When I got placed in some hippy dippy advanced school two days a week in elementary school, it got even more interesting, because I had to learn a new route, and so Mondays and Thursdays would be a ride to the “gifted” school, and Tuesdays, Wednesdays and Fridays I would ride to the boring old main elementary school, terrifying two sets of parents.
I think my mom actually enjoyed the “controversy” and dirty looks she got from other parents about my travels. She really didn’t give a fuck. She knew I was a good rider. So I wasn’t just the loner latch-key kid, but a lonely latch-key kid riding a bike by myself for an hour a day.
I chose my first musical instrument, the flute, because it would fit on the bike.

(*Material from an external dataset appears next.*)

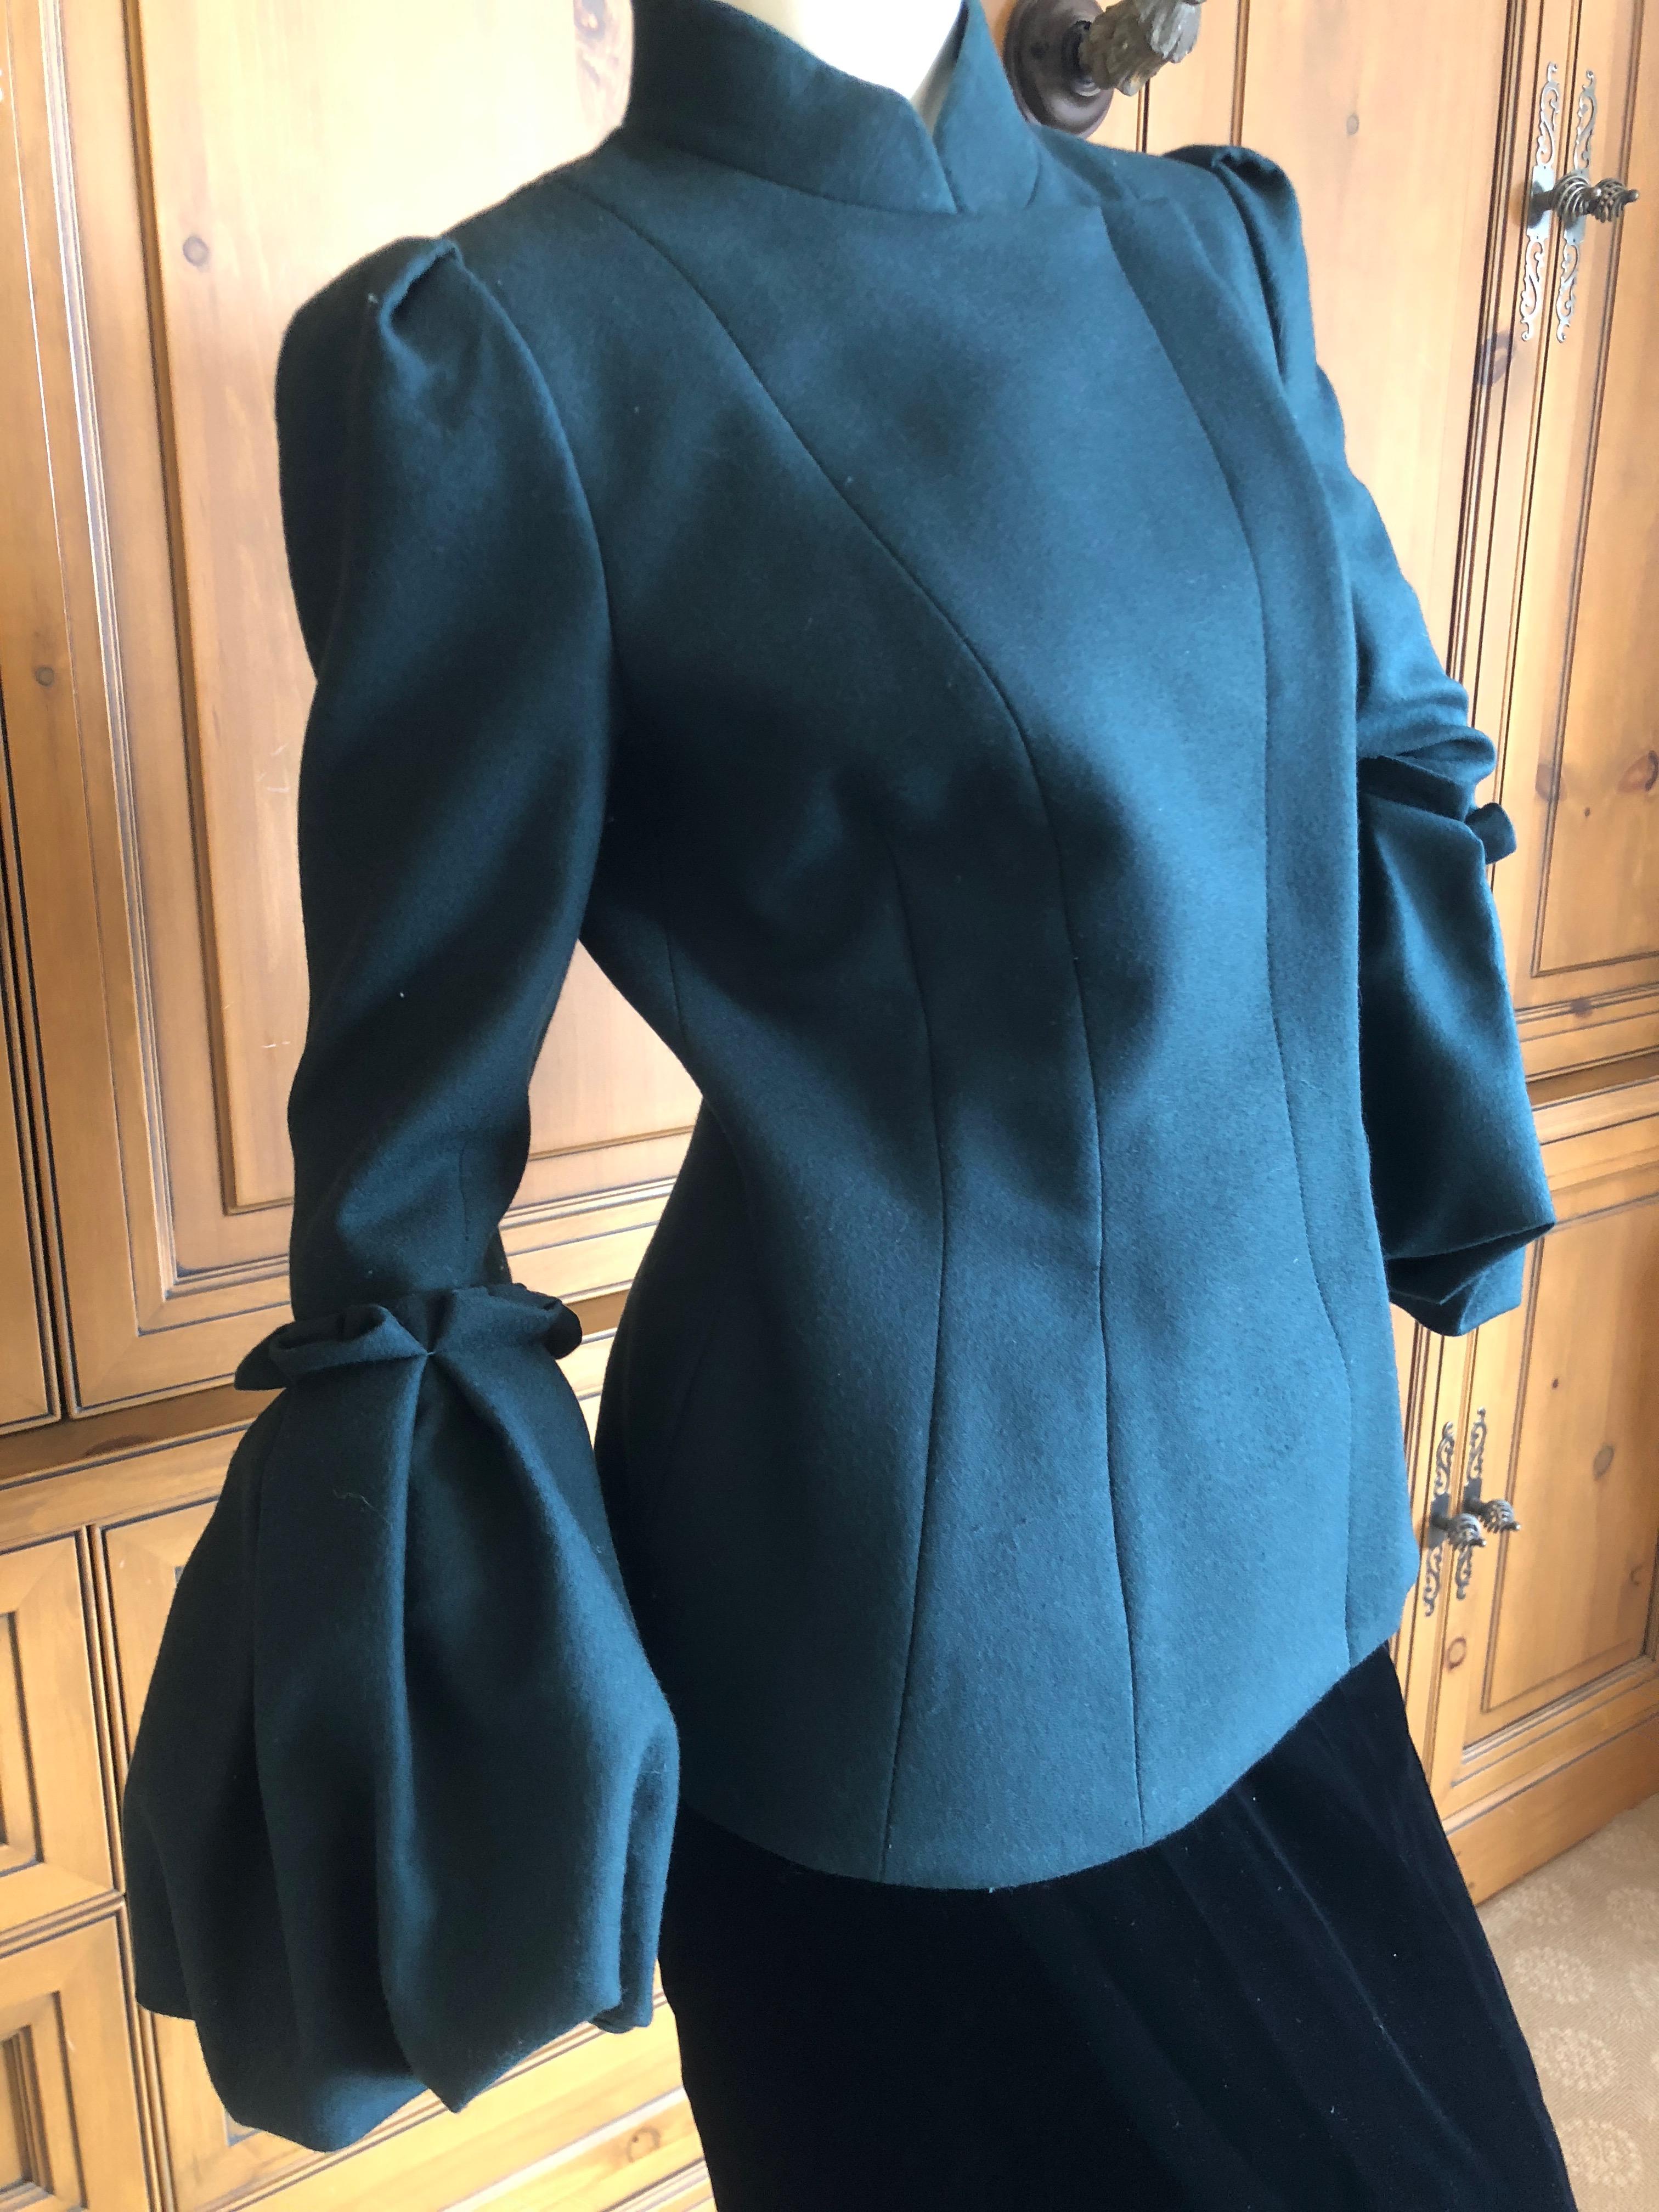 Alexander McQueen Teal Green Wool Jacket with Exaggerated Cuffs Size 42 For Sale 1

I would grab two red and blue bungie cords and strap the flute and the music stand case to the center of the mast. There was definitely a few times where the bungie cords weren’t quite set right, and my music career would come crashing down on the sidewalk while in motion. For the most part it was a pretty good system. If I had band in the mornings, then you just strapped on the flute and hit the road.
I rode my bike to school quite a bit in the 10th grade, until I realized how colossally uncool this was, even though by this time the flute had been long left in a drawer. I was so cool in 10th grade I would ride my bike to school, then over to the golf course to practice holding my spot as the worst player on the golf team.

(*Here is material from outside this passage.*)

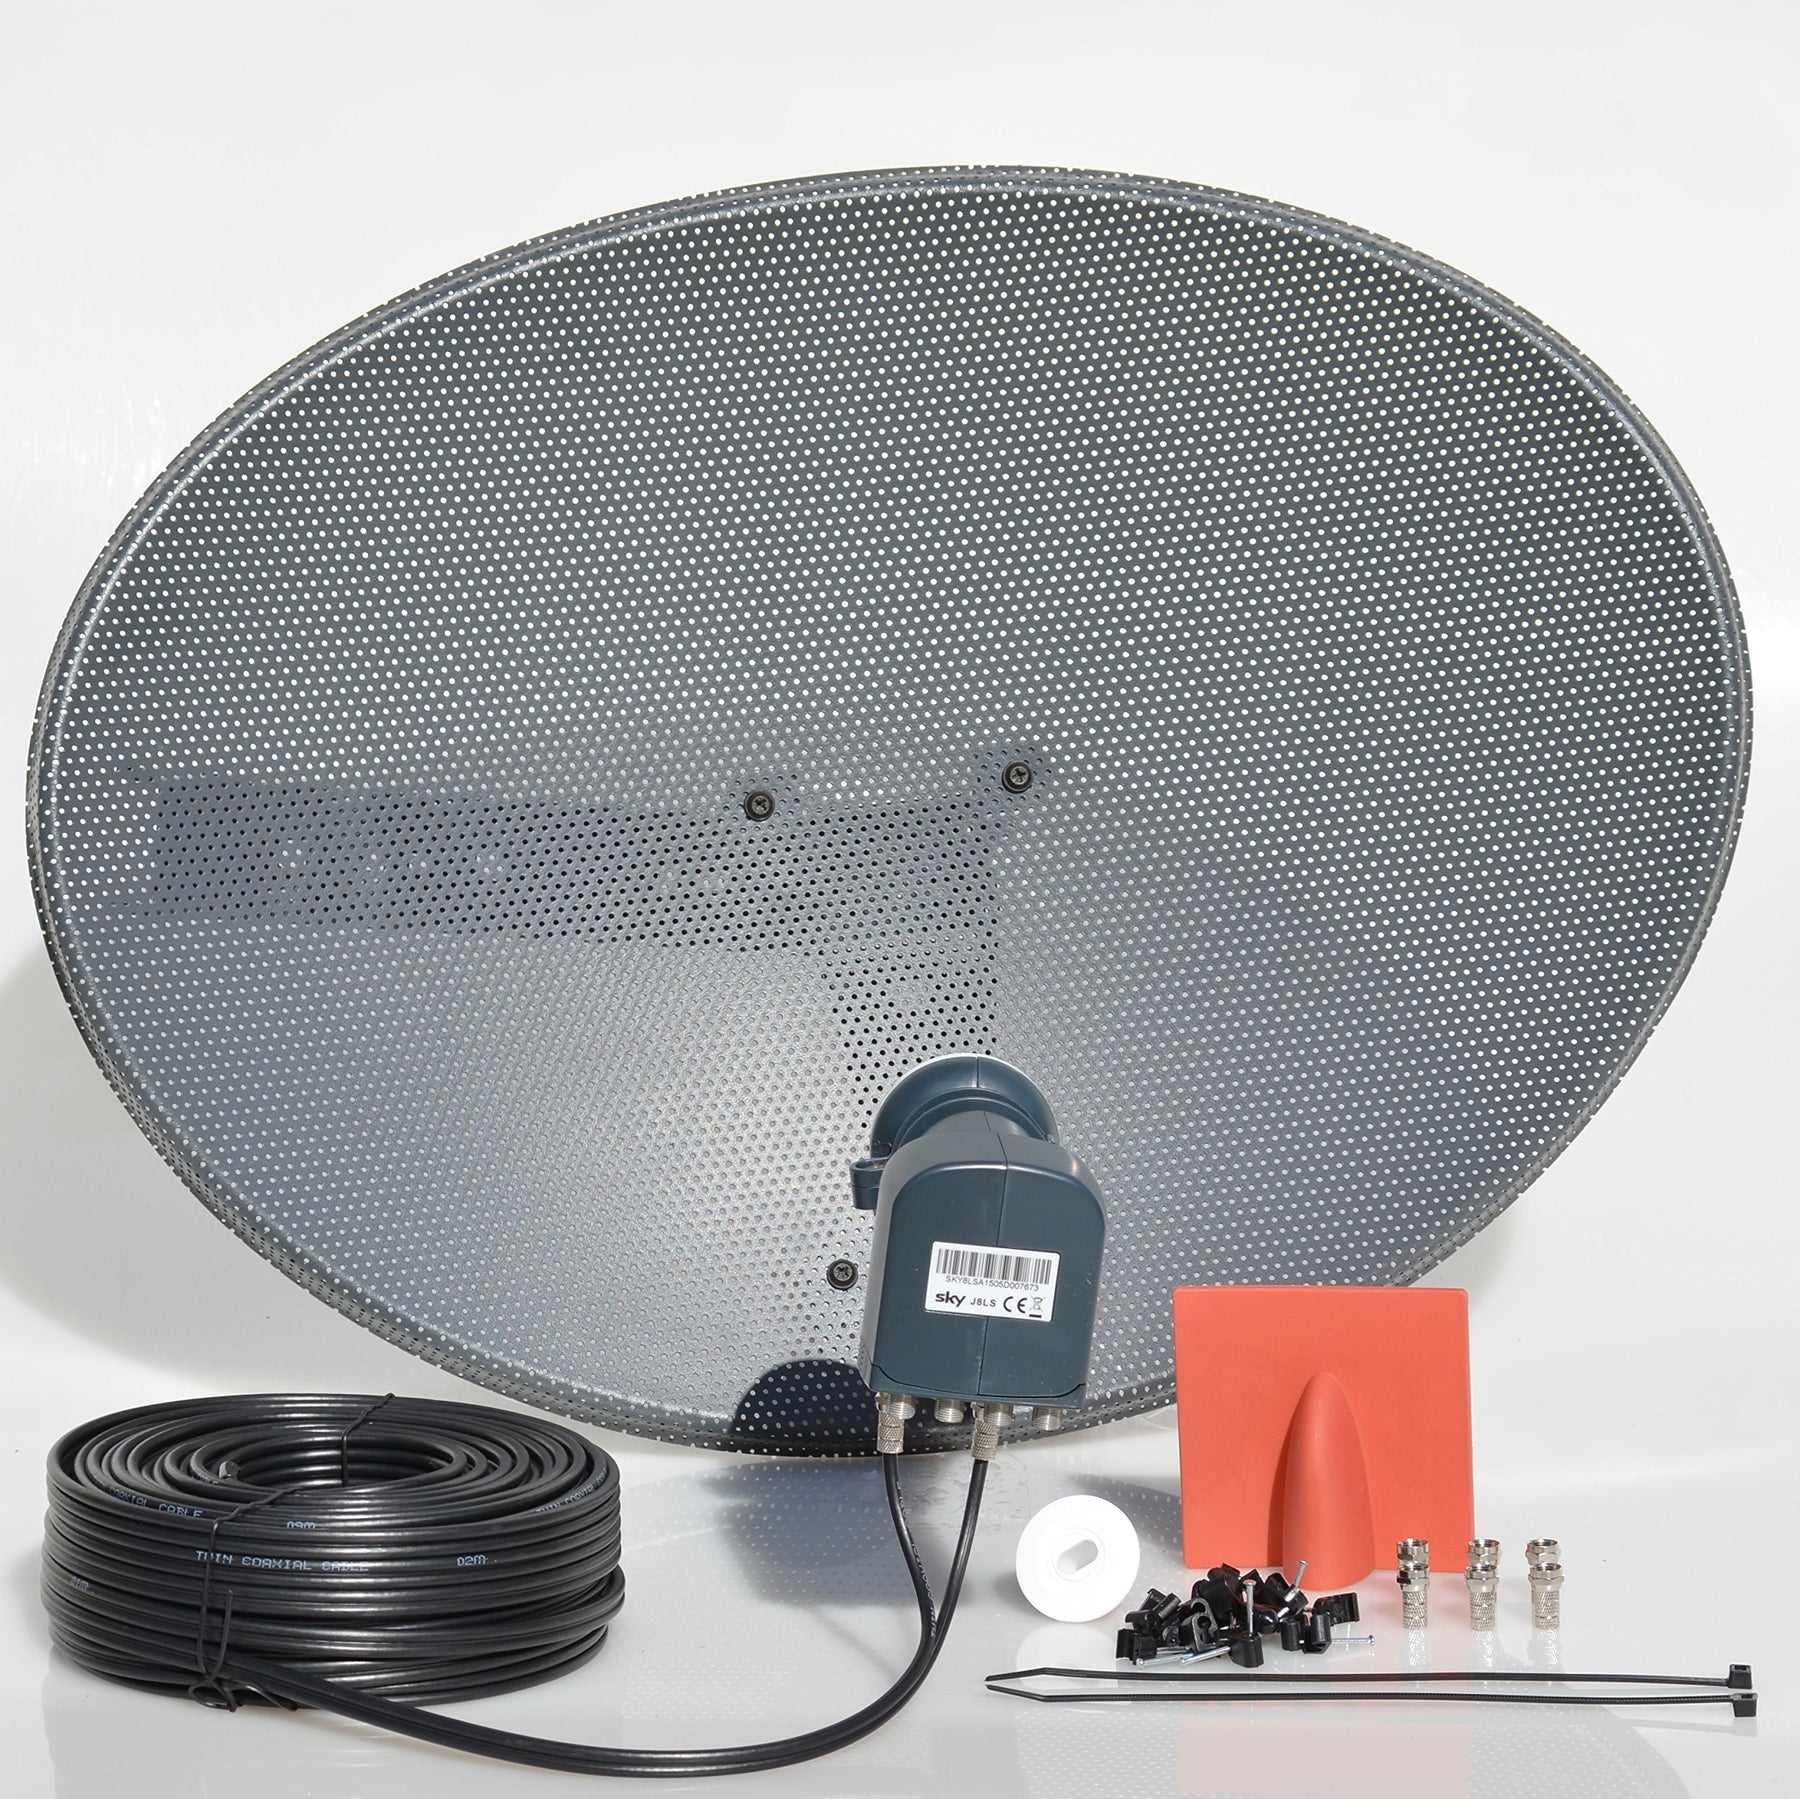 Viewi Freesat HDR Satellite Dish DIY Self Installation Kit,Latest Dish with Quad LNB,Twin coax Cable all necessary Brackets,Bolts and SATELLITE FINDER (White, Black Kit)

10th grade was a bit of a rough year for me. In 11th grade I got a car, which helped a bit, but not much.
But wherever I ended up, a bike normally followed. Some of my happiest moments in college were not some silly keg party, but riding a random bike into town slightly buzzed with a friend after one of those silly keg parties to hit the 24 hour supermarket.
Maybe that’s why New York never quite worked. Not that it wasn’t fun, or full of parties and debauchery, but you just couldn’t ride a bike. Well I mean, you could, if you wanted to have about a 50% chance of getting smushed in Manhattan. But really it was either walk or the subway, there wasn’t really ever a bike. After I left NYC, all of those blue bike share stations cropped up like weeds. Maybe it would have been different, but the Citibank logo never felt quite right.
When I first moved to Seattle I got a bike before I got a car. I think I grabbed a used on for 100 bucks at the bike shop. I can remember for some reason riding my bike waaay too far to try a computer at Best Buy. It was some huge long massive ride and I had no idea where anything was, but it was almost an intro to the city. I rode my bike to work downtown as a contractor for Microsoft. And I rode to work as a “security guard” at a dive bar on second ave, with the security mostly consisting of emptying ashtrays and picking up empty glasses.
The bike was always there.
Many people tried to steal my bike, once they even got a tire. And a bunch of lights have gone missing. But all in all the bike was always there. I ride it twice a week, and occasionally to work, although I do enjoy walking more now that I am an older lad. Now there are audio books and podcasts to replace having to shoot all of those galactic uhaul trucks with my old rusted out lasers.
If things go right, the daughter and I have a standing date on Friday nights for a bike ride, weather permitting. We even rode our bikes to school together a few times in Kindergarten last year.
I imagined the faces on some of the parents watching us cross over I-95’s sister on the west coast [I-5] were as shocked as they were in 4th grade. But my mom looked down smiling, because she knew my daughter could handle it.
It always seems to come back around after long enough – you might as well hop on a bike and enjoy historys ride.